Tip: It’s important to take things slow at this stage. Don’t push it if your friend feels differently, or else you risk ruining your existing friendship.
5. Strengthen the Connection: Allow Your Desires to Grow Stronger
This is one of the trickiest friendship to relationship stages to navigate.
Mistakes happen when we let strong emotions (like lust or sexual desire) get the better of us. They can mar a once beautiful friendship, especially when your friend doesn’t feel the way you do.
That said, it’s generally a good idea to explore romantic possibilities if you feel strong physical and emotional attraction for your friend.
If your friend feels the same way about you, make time for intimate conversations to get to know each other on a deeper level. This will help you build a stronger relationship that goes beyond physical attraction or sexual desires.
Tip: You’re heading toward a romantic relationship if you start replaying each laugh, hug, and innocent touch over and over in your mind. Don’t fight it. Rather, explore the possibilities.
6. Make It Official: Have the Talk
Once you’re sure about your feelings and have some level of confirmation that your friend feels that way about you, it’s time to discuss how you feel.
Tell your friend exactly how you feel, making sure you are as honest and respectful as possible.
While having this conversation can be uncomfortable and awkward, it is crucial to help you redefine the future of your relationship.
Tip: Be optimistic and confident during the conversation, but be willing to accept any outcome.

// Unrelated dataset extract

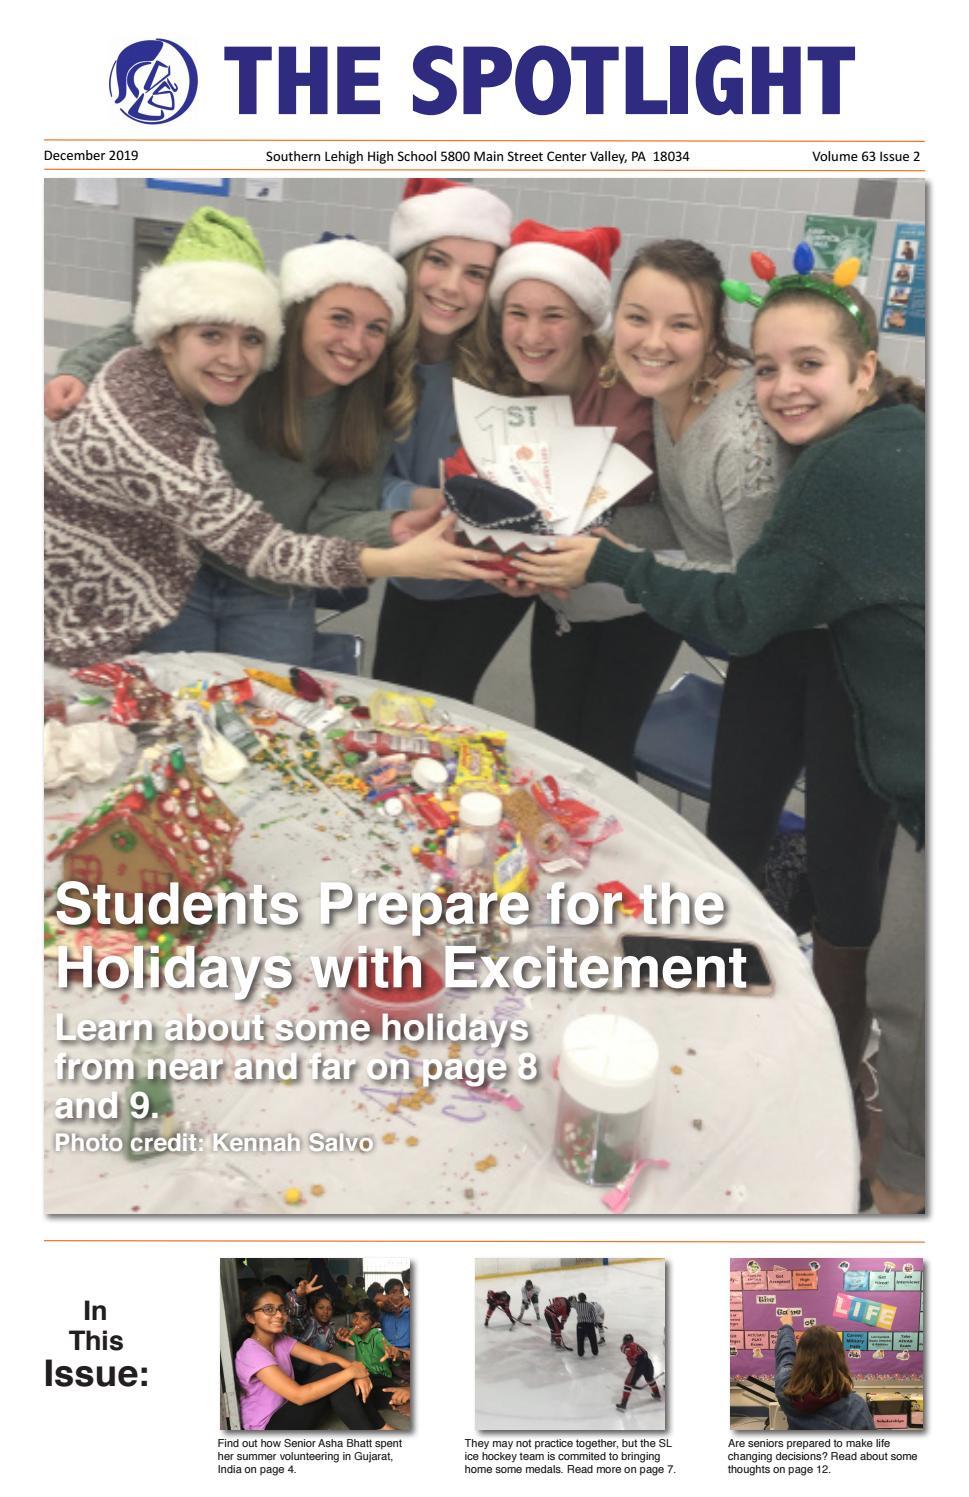 Southern Lehigh 2021 Seniorsr Christmas City Spotlight December 2019 Print Issue By Southern Lehigh Spotlight Issuu

7. The Final Stage: Go On Out on a Romantic Date
Lastly, go on a romantic date to signal the end of a platonic friendship and the beginning of a new romantic relationship.
Remember to put your cards on the table; honesty and transparency are non-negotiable if you want to build a long-lasting relationship.
You can have a successful romantic relationship if you’re honest with each other, even if you don’t live in the same location.
By the way, if you’re looking to turn your long-distance relationship into something more concrete (like marriage), check out this post for practical tips.
Tip: Use the word “date” so you both understand it is a romantic outing, not just friends casually hanging out.
It might not be the easiest thing, but open communication is crucial when it comes to turning a friendship into a head-over-heels, crazy-over-you kind of relationship.
Knowing what to expect as you navigate the friendship to relationship stages can help you test the waters while making sure you don’t jeopardize your existing bond if things don’t pan out as expected.
Indeed, you may not go through all the stages outlined here, and that’s okay because relationship stories are unique.
What’s more important is exploring romantic possibilities if you feel something for your friend beyond being friendly.